From the listing below, restate word for word the lines from the line containing "u sebe vdoma" down through the line containing "1 Stk Einphasiges". Exclude pictures.

*Records supplied*:
______________________________

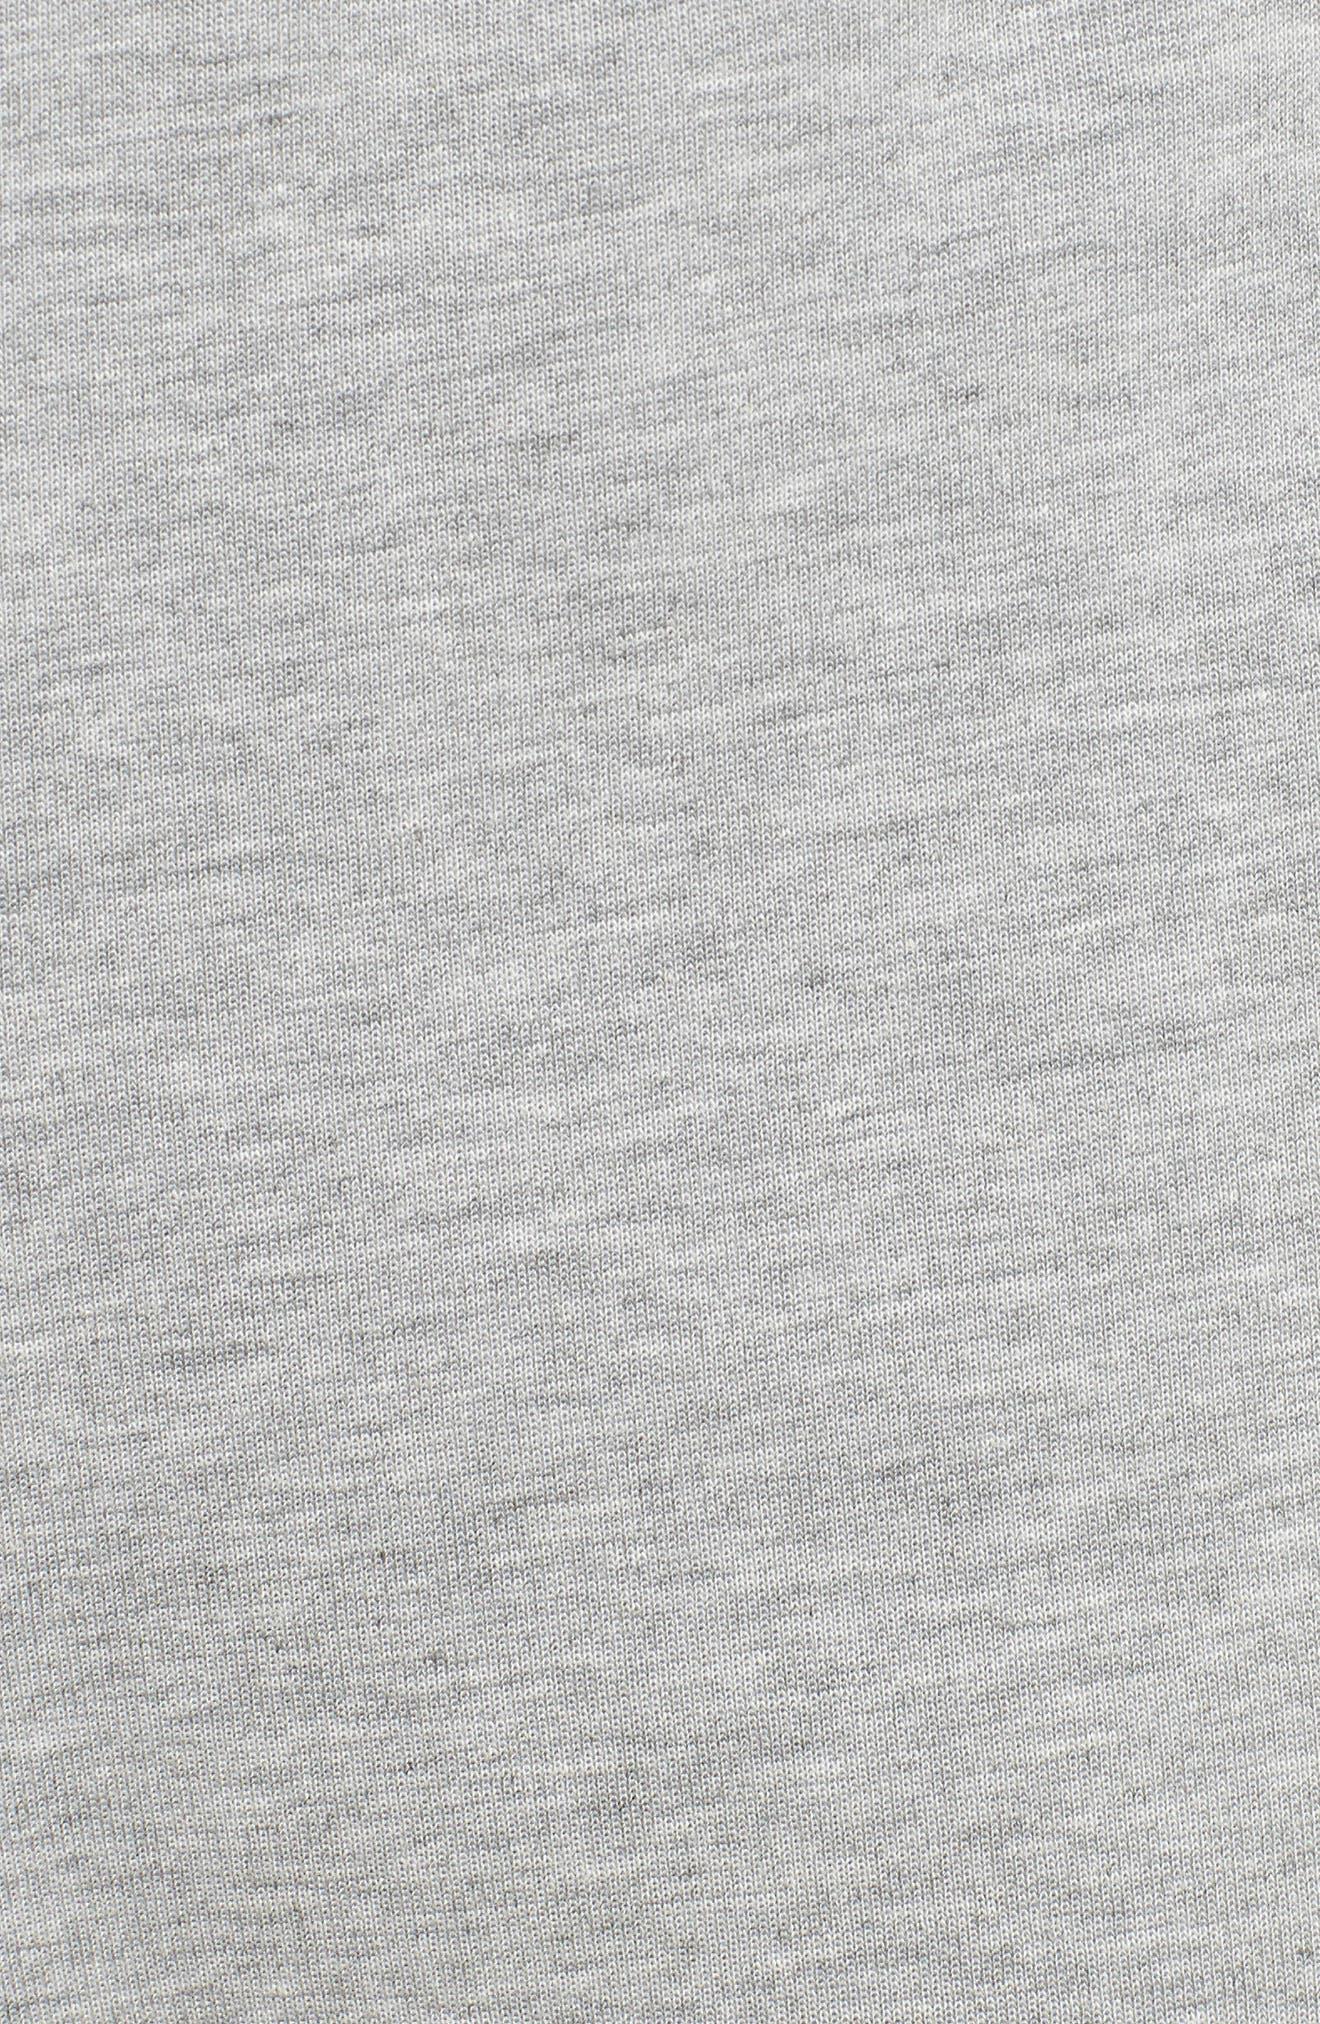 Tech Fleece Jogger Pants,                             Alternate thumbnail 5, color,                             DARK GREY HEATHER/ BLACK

______________________________

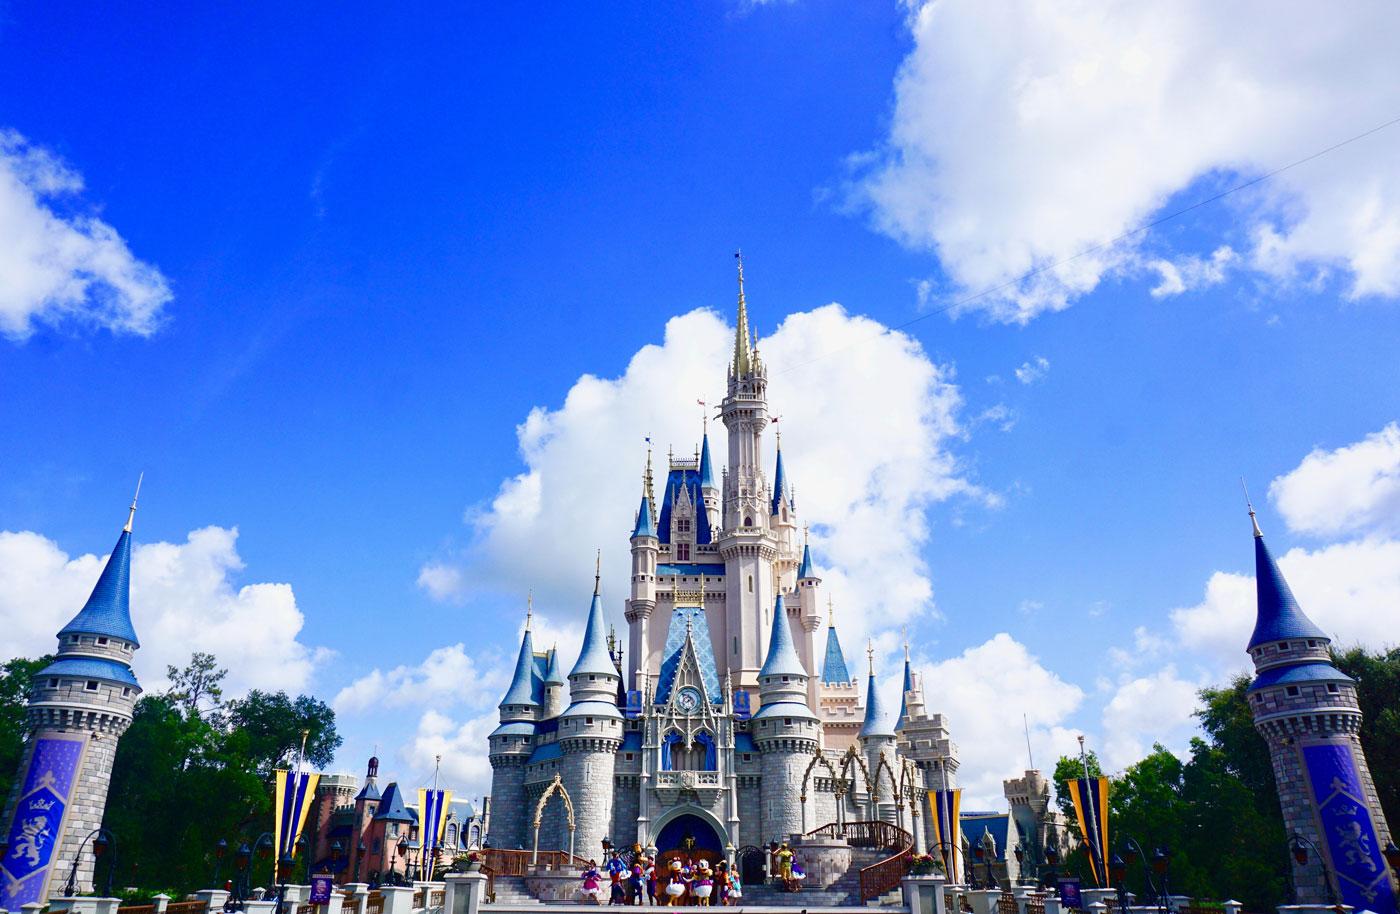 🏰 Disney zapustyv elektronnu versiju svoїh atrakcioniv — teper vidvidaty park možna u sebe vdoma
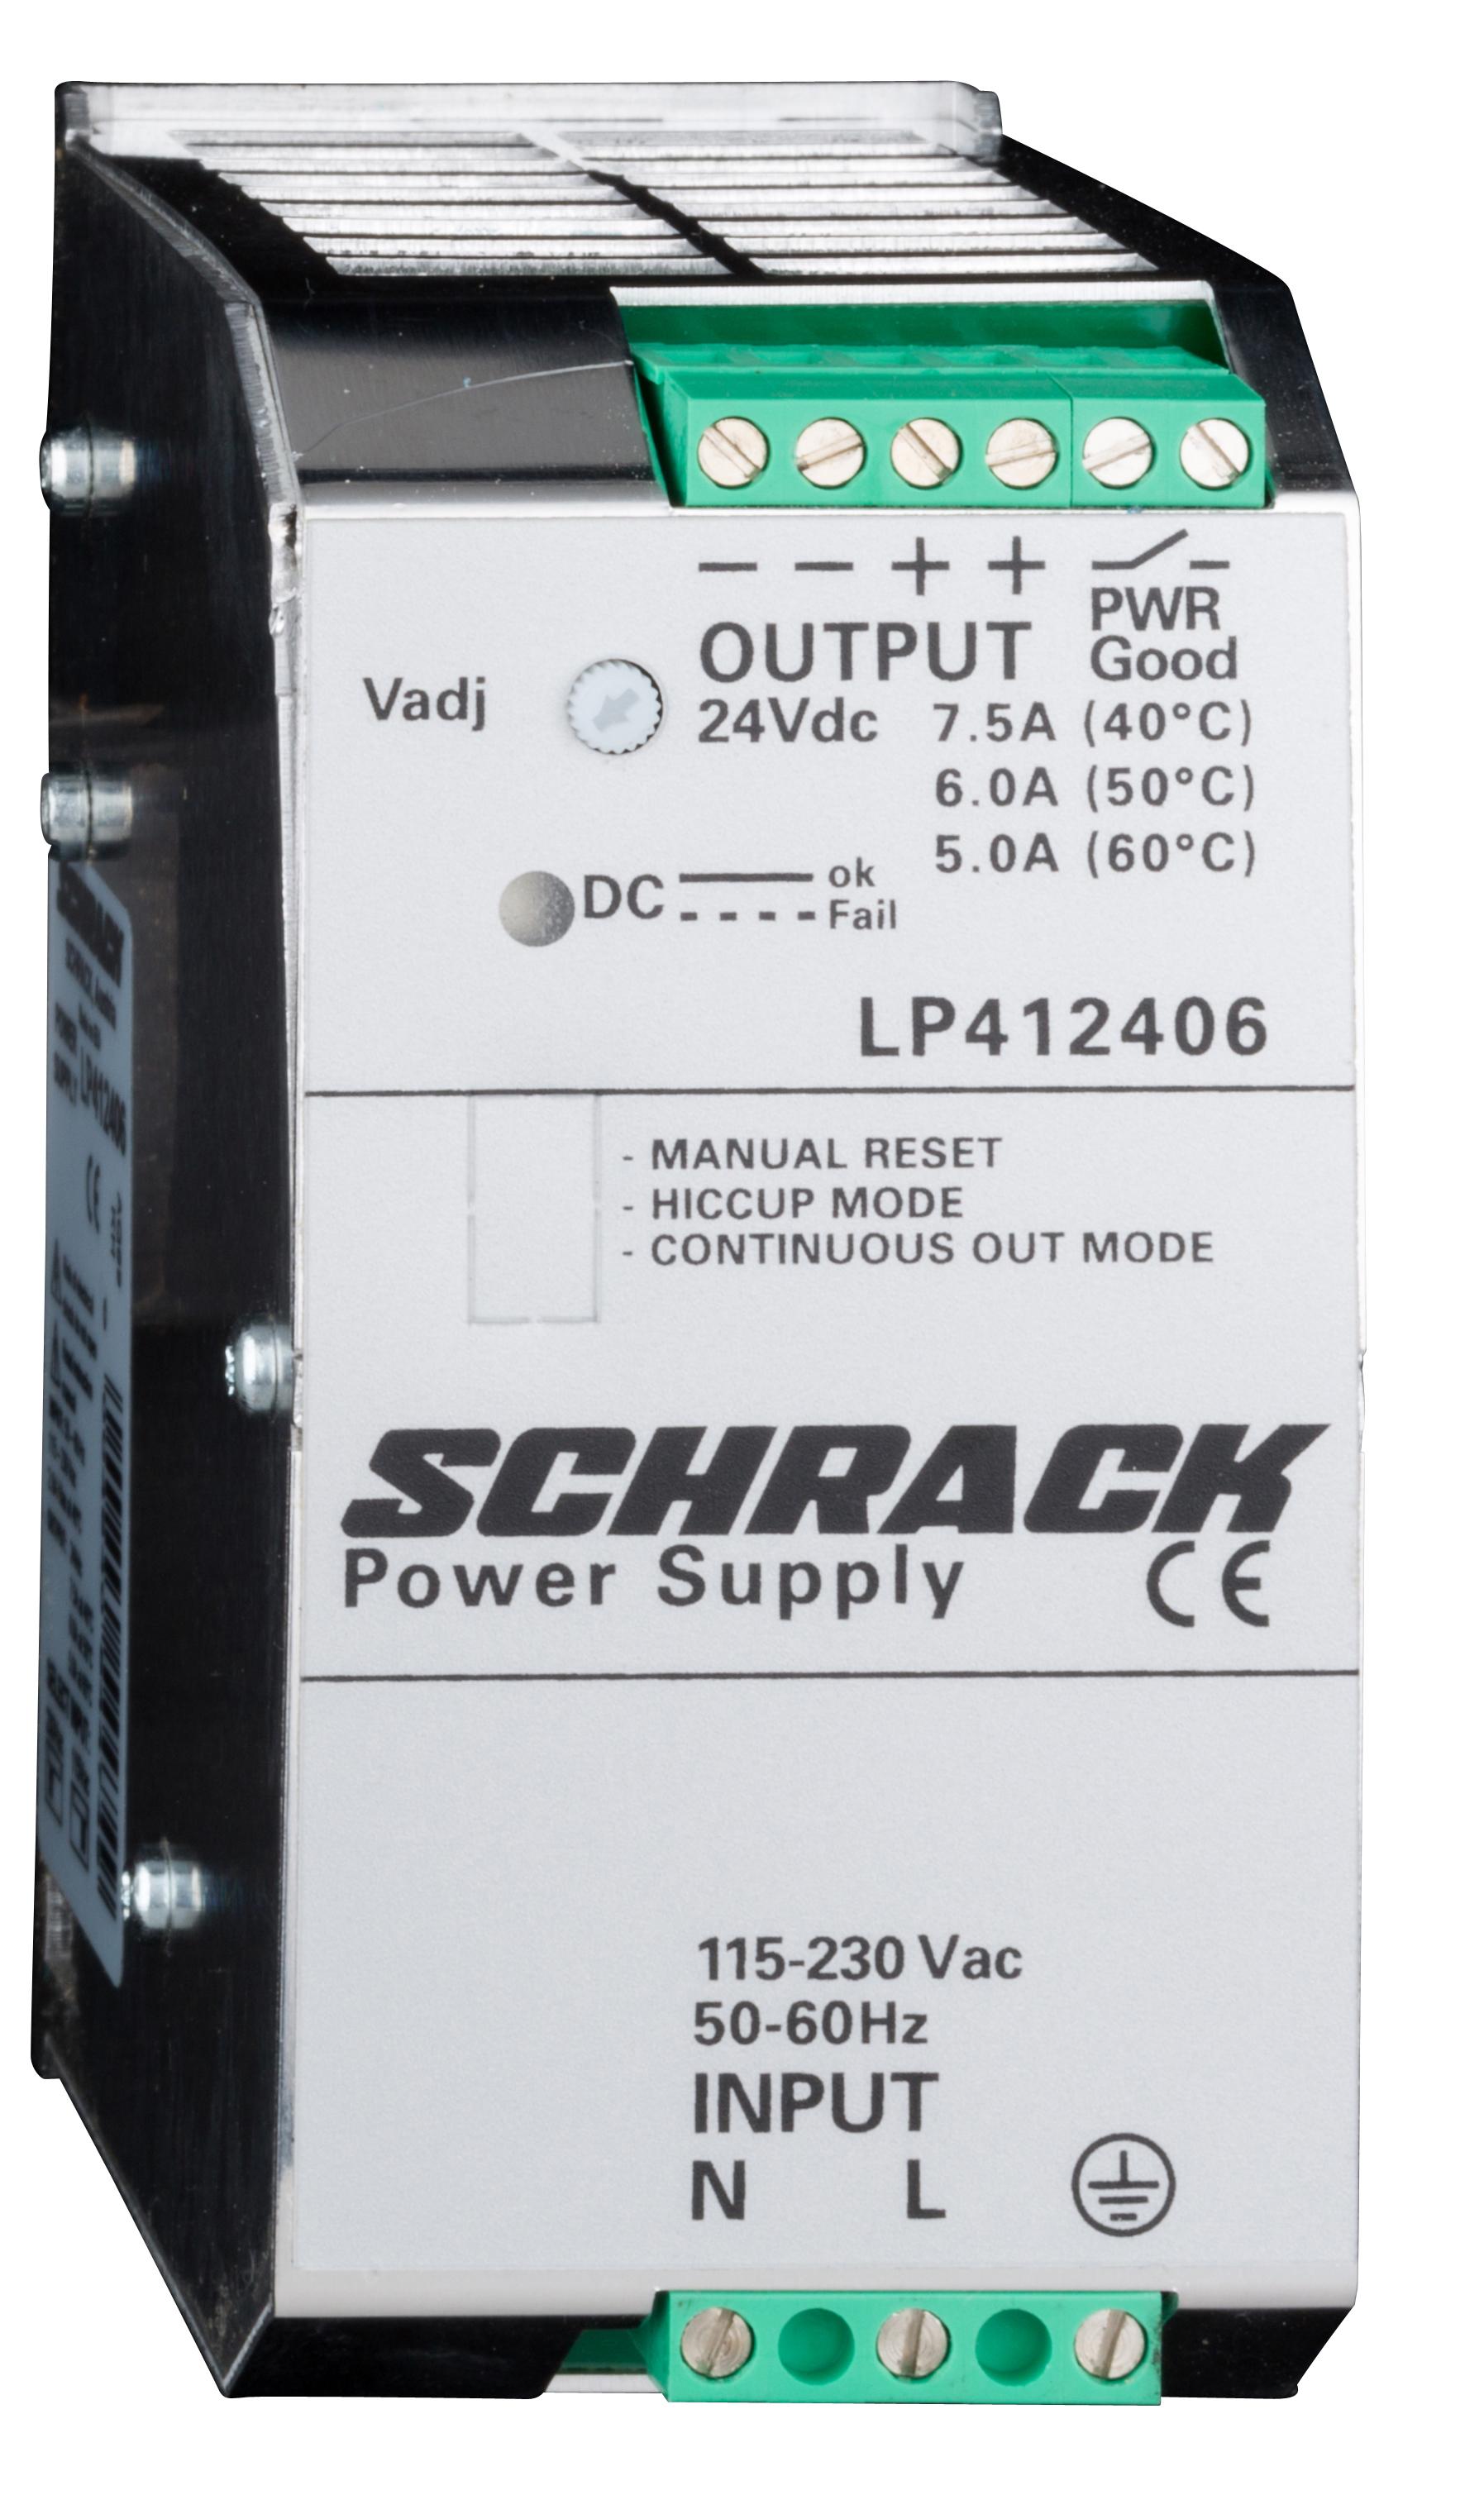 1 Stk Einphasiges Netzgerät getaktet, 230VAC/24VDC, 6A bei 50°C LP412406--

______________________________

*Exercise solution*:
 🏰 Disney zapustyv elektronnu versiju svoїh atrakcioniv — teper vidvidaty park možna u sebe vdoma
 1 Stk Einphasiges Netzgerät getaktet, 230VAC/24VDC, 6A bei 50°C LP412406--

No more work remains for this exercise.